Computer Vision in Azure AI solutions

Source: My personal notes from Course AI-102T00-A: Develop AI solutions in Azure - Microsoft Learn with labs from Exercises for Develop vision solutions in Azure

Image Analysis

Use cases: create captions for image, image tagging, detect and locate objects and people

Existing models will respond with JSON with the image information. Response will include information like entity and the boundary box of the entity in the image.
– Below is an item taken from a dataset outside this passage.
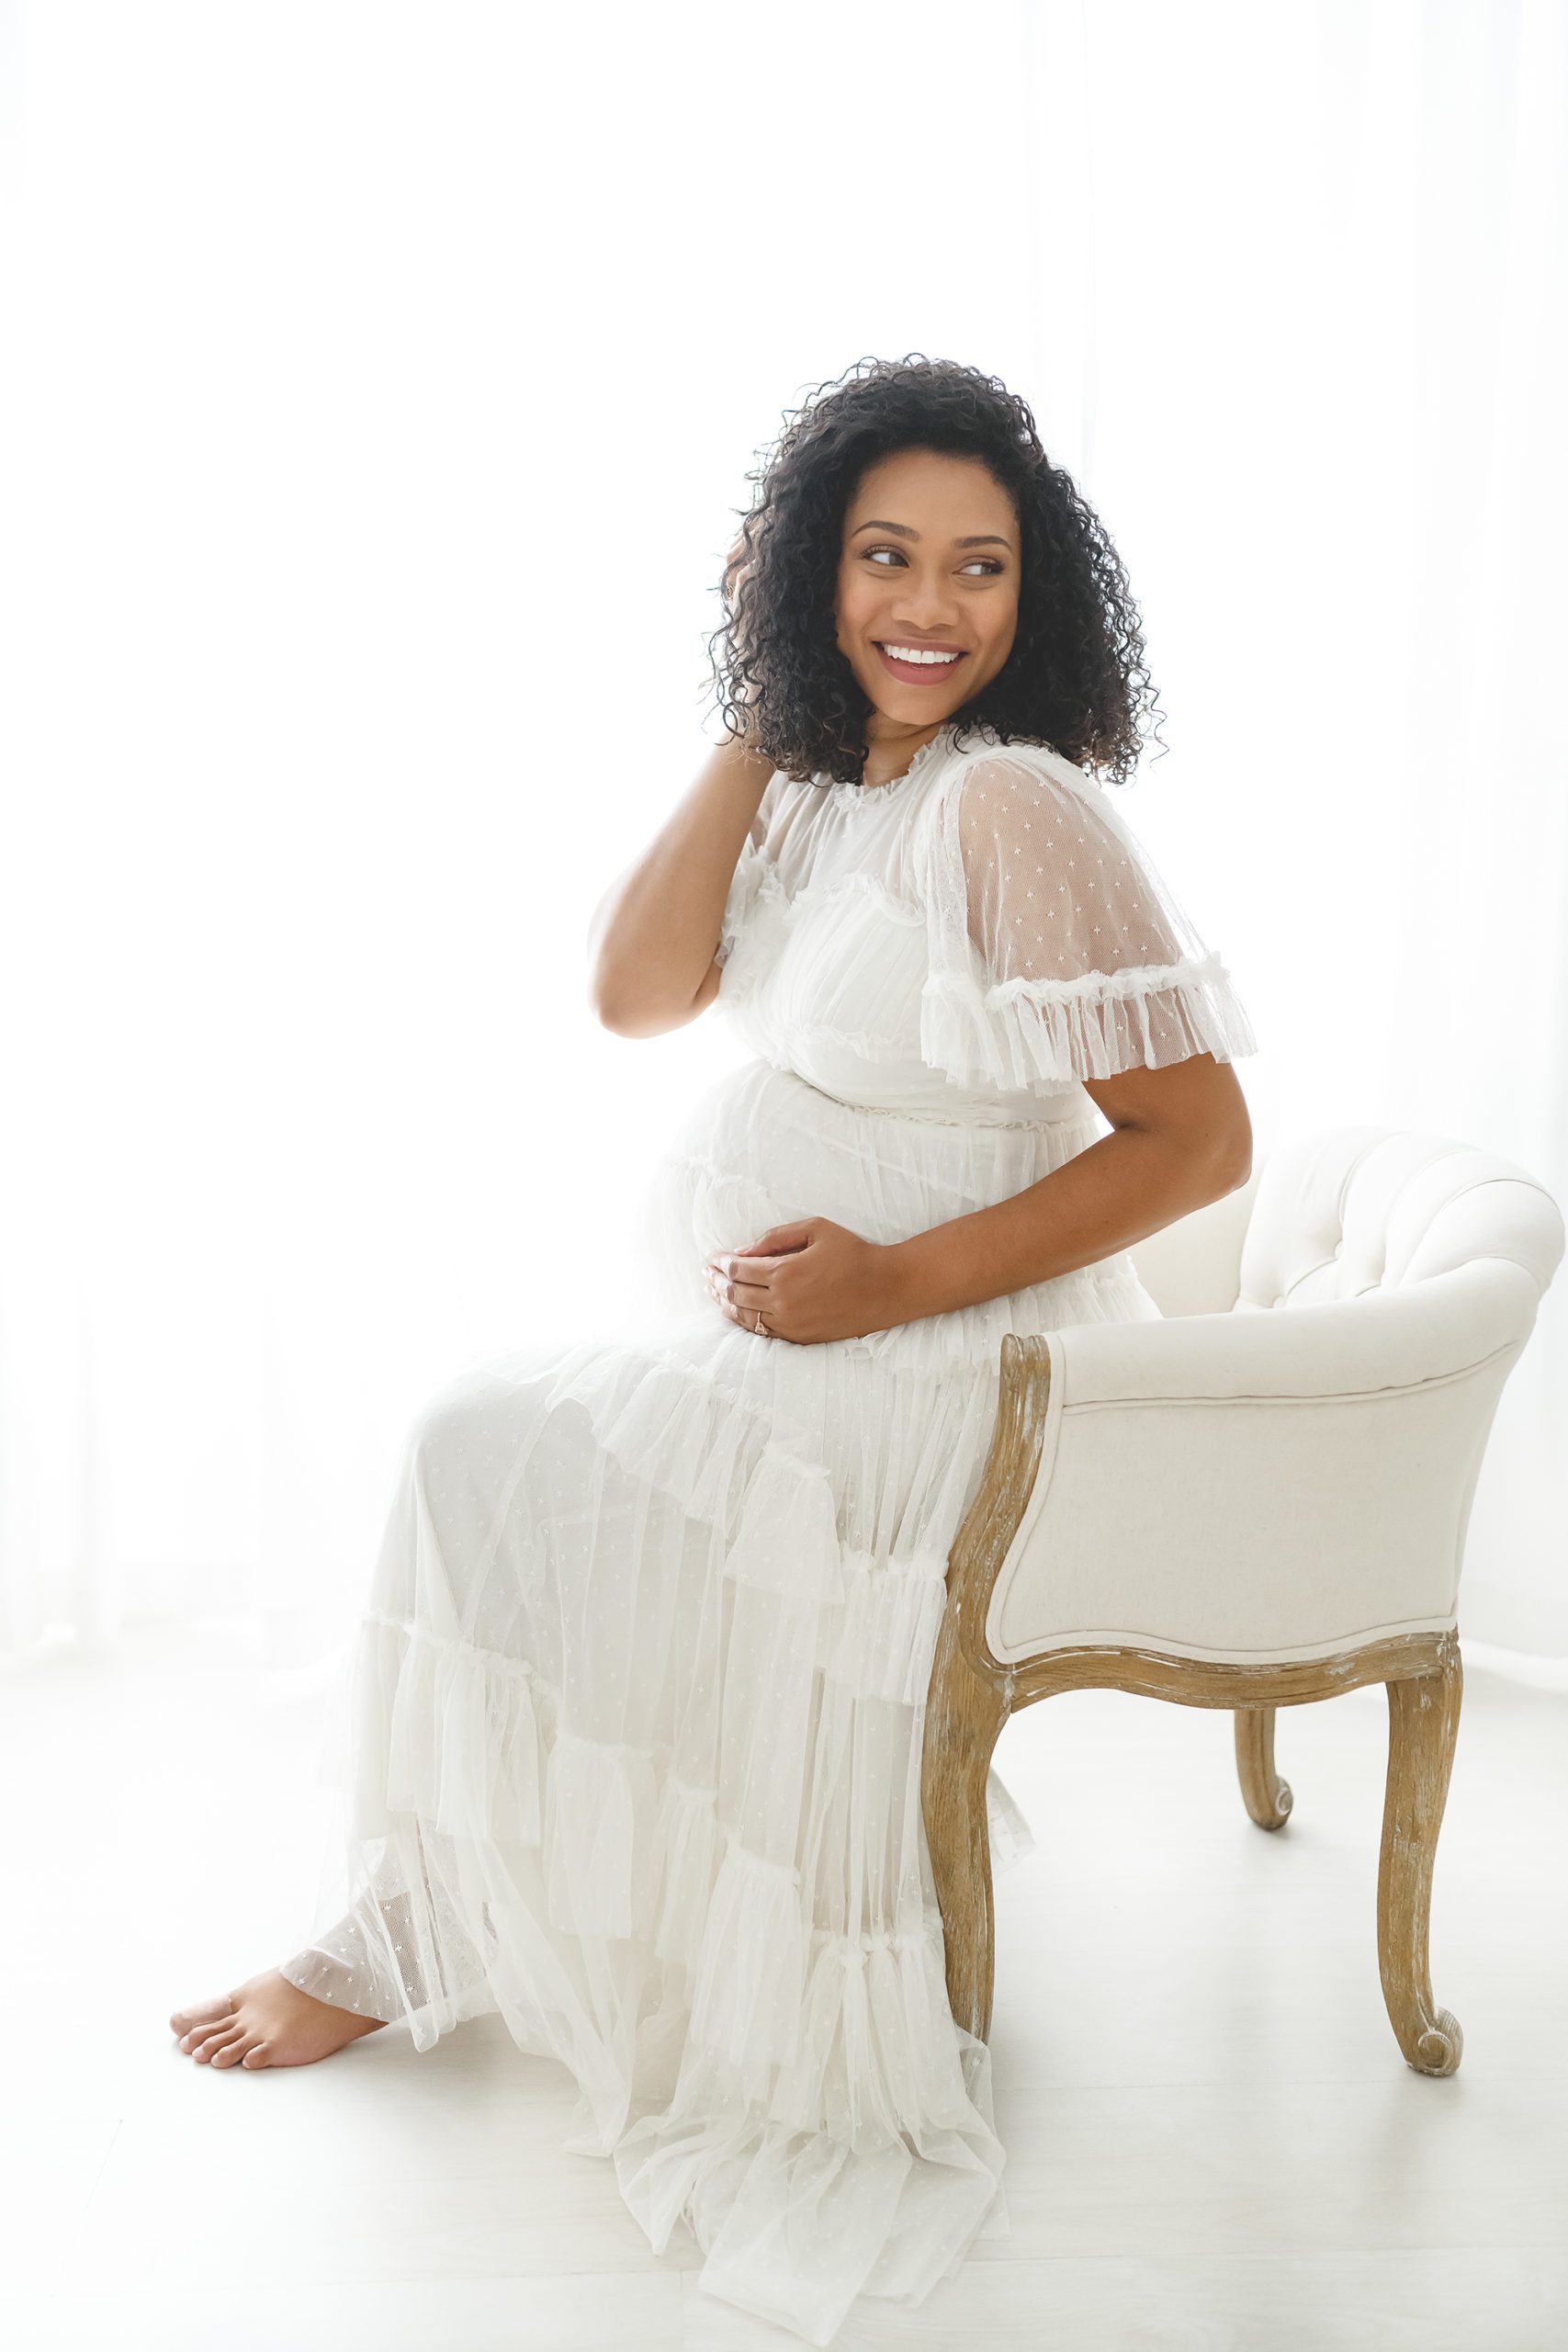 pregnant woman wearing white lace dress sitting in chair ©Reaj Roberts Photography

Access can be using an SDK or API to submit images and get responses.

Text in Images

Use cases: get information from text like addresses, identifiers, numbers, photographer, license plates, and digitize notes

Optical character recognition (OCR) recognizes text and structure. Responses from the service include blocks and text and information for that block.

Example solution: A camera periodically uploads images to blob storage. On an event, the code checks for an update, extracts entities and responds.

Facial Recognition: Detect, Analyze And Recognize Faces

Use cases: detect and locate faces, analyze facial features.

Using Azure AI face services requires approval due to sensitivity and are used for facial recognition solutions. For features, see Computer Vision (CV) Concepts and in Azure - Computer Vision (CV) Concepts and in Azure

Accessing Azure AI Vision Face resources can be done using Face SDK to get detection and face attributes and features responses.

Classify images and detect objects

Use case: classify images (categorization) and detect object(s) and classify them

Classification can be:

Multi class where each image is tagged with 1 class label from several, for example apple from [apple, orange, pineapple, banana].
Multi label where each image can be tagged with multiple classes, for example fruit bowl with apple, orange, and banana

Example solutions: Food processing where image classification checks for “good” versions of a food product and remove “bad” versions. Medical imaging checks if a disease is present or not.

See Research Data - Mendeley Data for sample data sets to play with.

Azure AI Custom Vision

Models can be trained with custom classifications.

Generative AI and Vision

Multimodel generative AI

Multimodel generative AI model respond to prompts and return created content. Prompts can include text, speech, and images and typically include a text part and media part.

Generate images with AI

Uses prompt to create images.

Image generation can have responsible AI implications like other generative AI with malicious use.

Exercise: Analyze Images

Create Azure AI vision resource and using the SDK, submit images for captions, entity location, get objects, tagging, and people identification.

Exercise: Detect and analyze faces

Create a face service and using the SDK, submit images for face detection and boundary box location.

Exercise: Generate images with AI

Use the OpenAI DALL-E generative AI model like dall-e-3 to create images and OpenAI Python SDK to create a simple app to generate images based on prompts.